Van Halen chronology
| Van Halen Best of, Volume I (1996) | Van Halen III (1998) | The Best of Both Worlds (2004) |

Singles from Van Halen III
- "Without You" Released: March 1998; "Fire in the Hole" Released: May 1998;

= Van Halen III =

Van Halen III is the eleventh studio album by American rock band Van Halen, released on March 17, 1998, by Warner Bros. Records.

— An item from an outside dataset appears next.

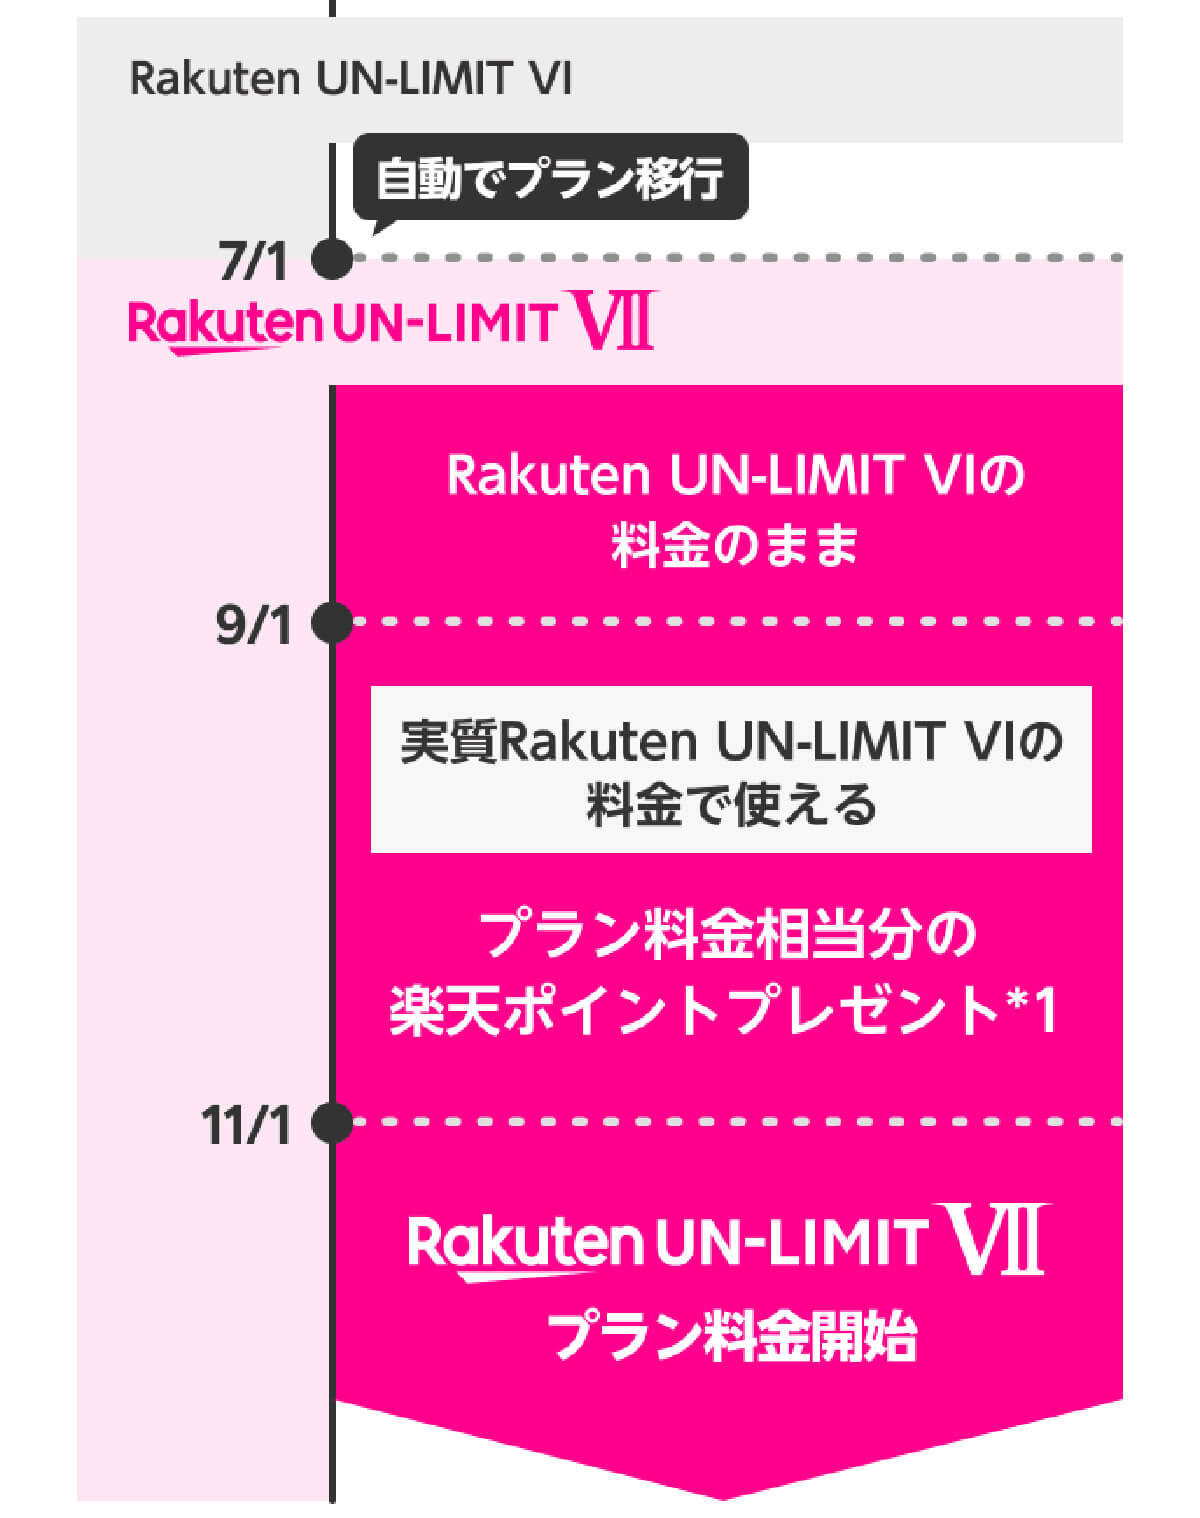 「Rakuten UN-LIMIT VI」は7月から自動移行される

Produced by Mike Post and Eddie Van Halen, it was the band's first studio album in three years after Balance (1995), the band's only studio album to feature vocalist Gary Cherone, and the last to feature bassist and backing vocalist Michael Anthony, who played bass on three of the album's songs; the rest of the bass parts are played by Eddie Van Halen, whose son Wolfgang replaced Anthony on subsequent recordings. Eddie Van Halen's extensive involvement in the album's production, instrumentation and writing have led some, including Anthony, to consider Van Halen III more of a solo project than a collective band effort. Clocking in at over 65 minutes, Van Halen III is their longest album.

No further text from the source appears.